Tavassolipour Mostafa, Motahari Seyed Abolfazl, Shalmani Mohammad Taghi Manzuri
IEEE Trans Pattern Anal Mach Intell. 2020 Aug;42(8):1928-1941. doi: 10.1109/TPAMI.2019.2906207. Epub 2019 Mar 19.
It is of fundamental importance to find algorithms obtaining optimal performance for learning of statistical models in distributed and communication limited systems. Aiming at characterizing the optimal strategies, we consider learning of Gaussian Processes (GP) in distributed systems as a pivotal example. We first address a very basic problem: how many bits are required to estimate the inner-products of some Gaussian vectors across distributed machines? Using information theoretic bounds, we obtain an optimal solution for the problem which is based on vector quantization. Two suboptimal and more practical schemes are also presented as substitutes for the vector quantization scheme. In particular, it is shown that the performance of one of the practical schemes which is called per-symbol quantization is very close to the optimal one. Schemes provided for the inner-product calculations are incorporated into our proposed distributed learning methods for GPs. Experimental results show that with spending few bits per symbol in our communication scheme, our proposed methods outperform previous zero rate distributed GP learning schemes such as Bayesian Committee Model (BCM) and Product of experts (PoE).

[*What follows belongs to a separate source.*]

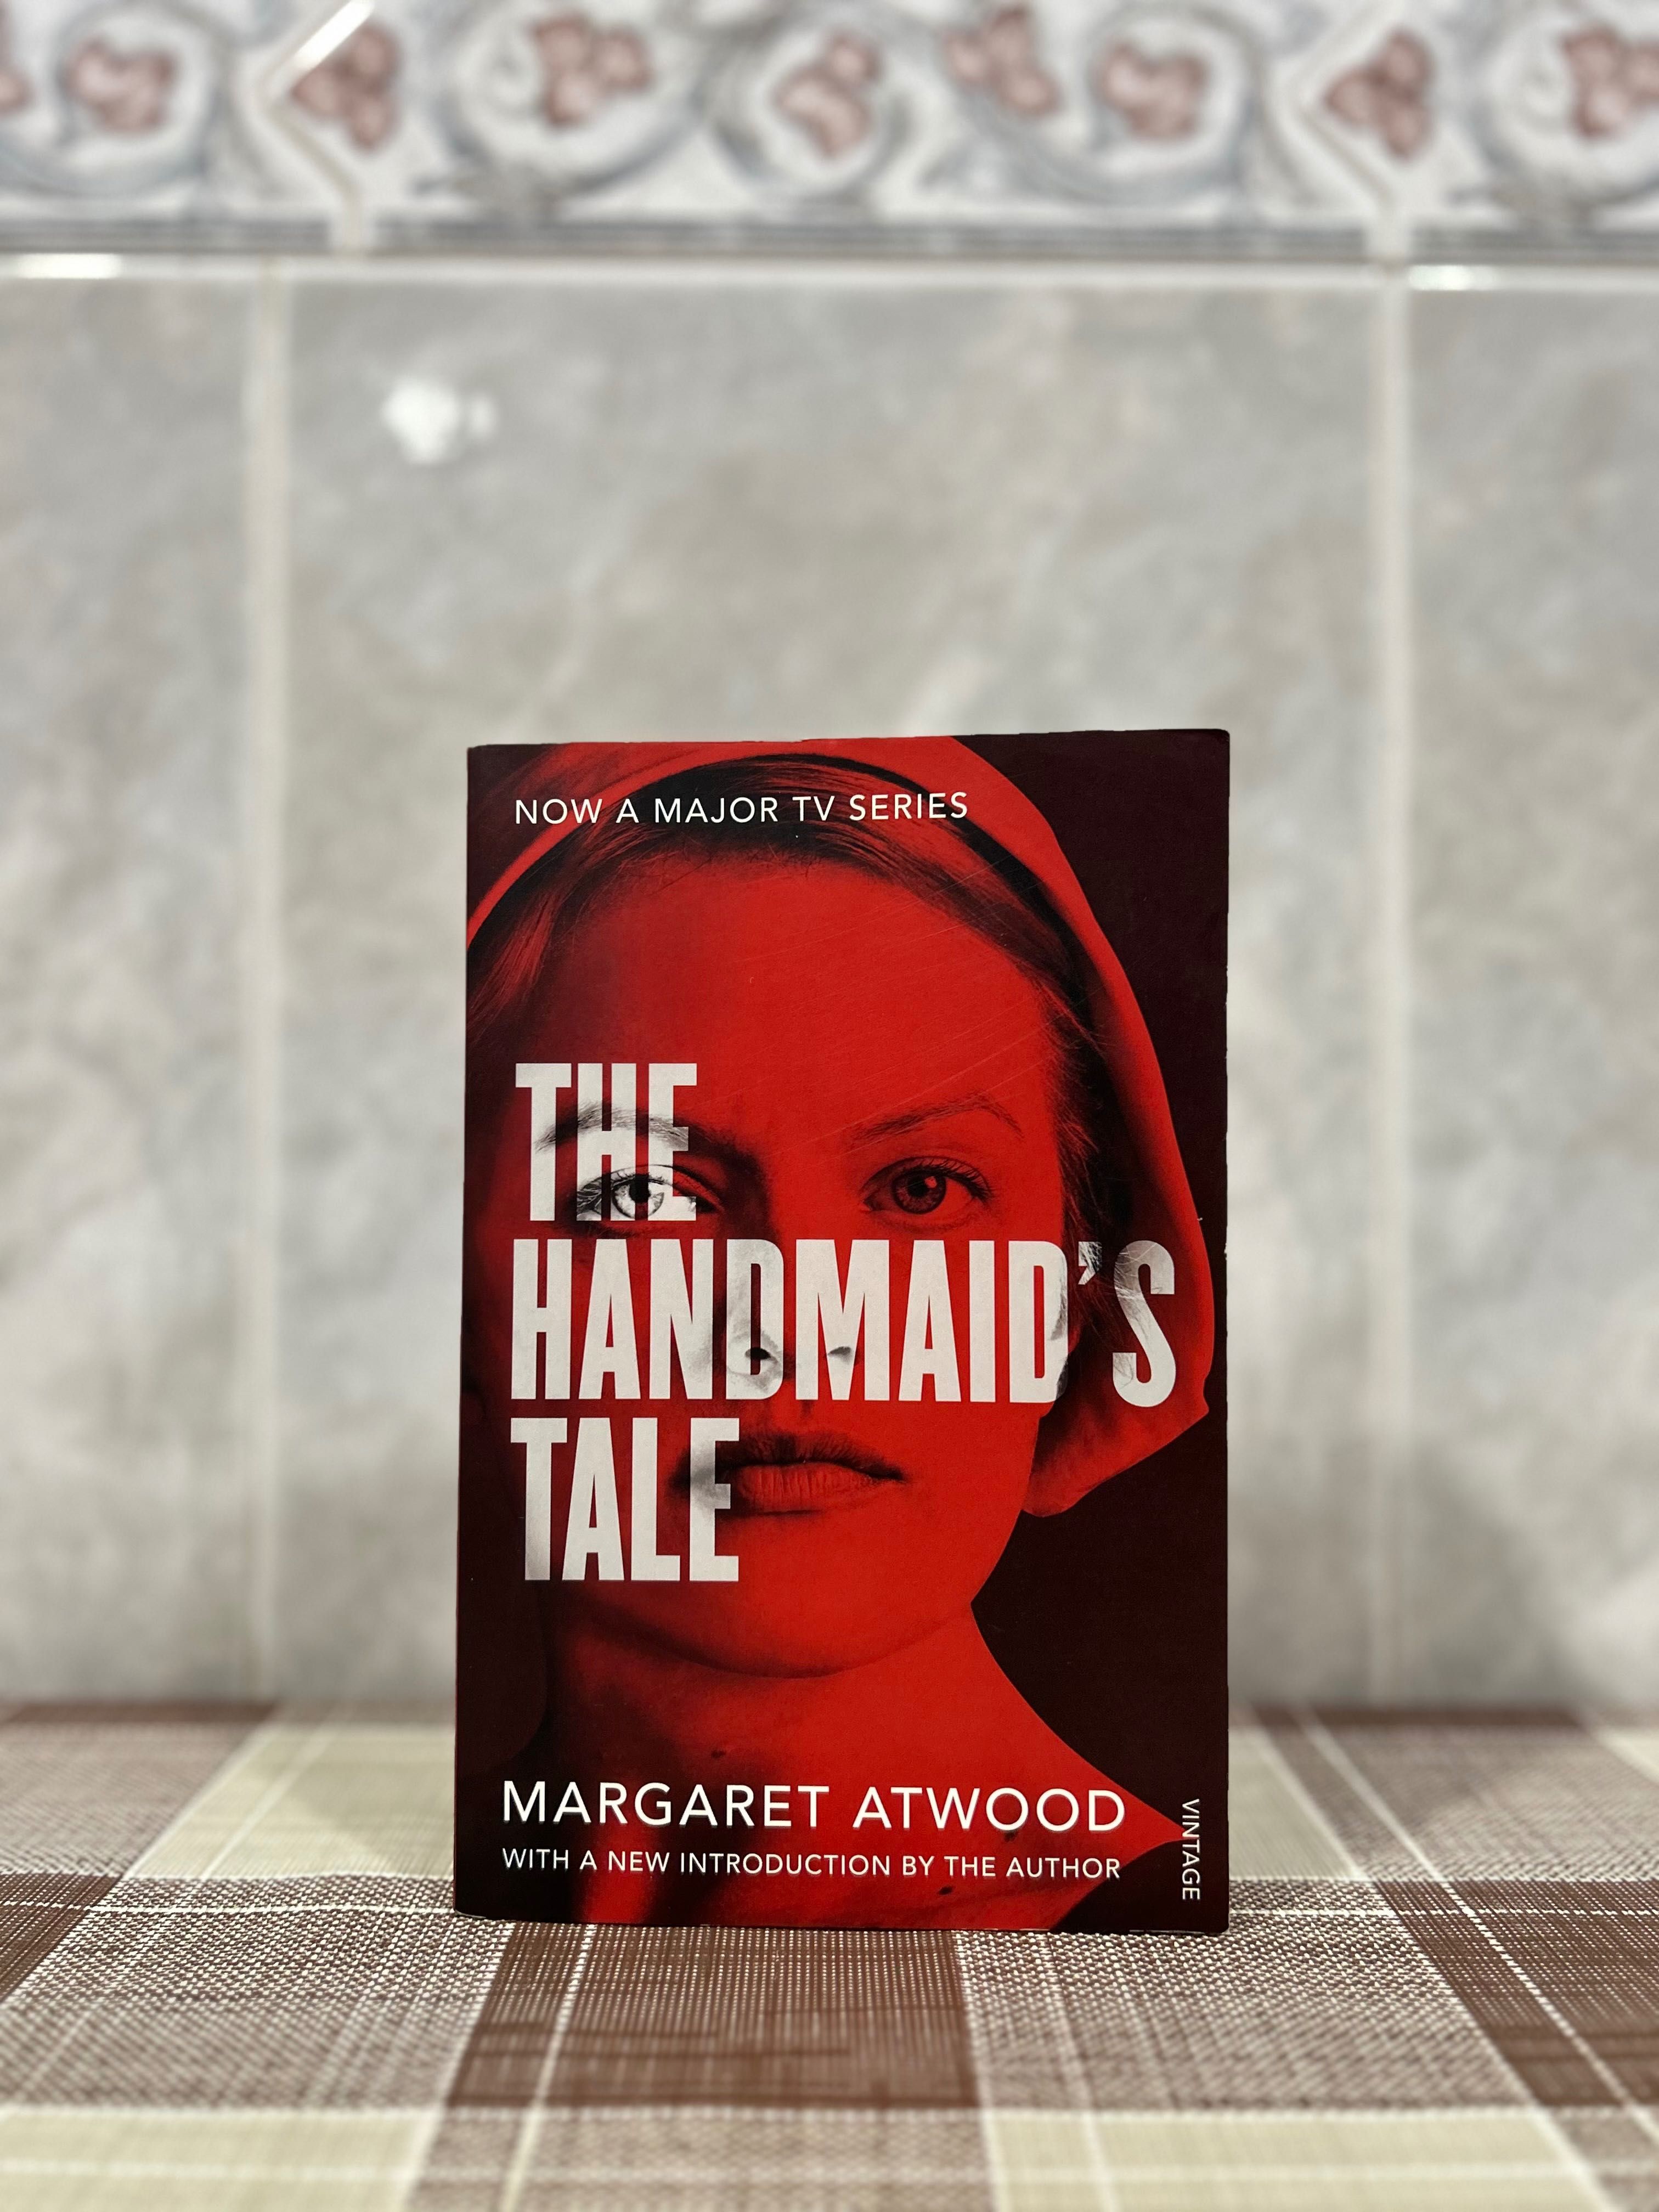 The Handmaid’s Tale (Inglês) - Margaret Atwood.

在分布式和通信受限系统中,找到能使统计模型学习获得最优性能的算法至关重要。为了刻画最优策略,我们将分布式系统中的高斯过程(GP)学习作为一个关键示例来考虑。我们首先解决一个非常基本的问题:在分布式机器之间估计一些高斯向量的内积需要多少比特?利用信息论界,我们基于向量量化获得了该问题的最优解。还提出了两种次优且更实用的方案来替代向量量化方案。特别地,结果表明其中一种称为逐符号量化的实用方案的性能非常接近最优方案。为内积计算提供的方案被纳入我们提出的GP分布式学习方法中。实验结果表明,在我们的通信方案中每个符号只需花费很少的比特,我们提出的方法优于先前的零速率分布式GP学习方案,如贝叶斯委员会模型(BCM)和专家乘积(PoE)。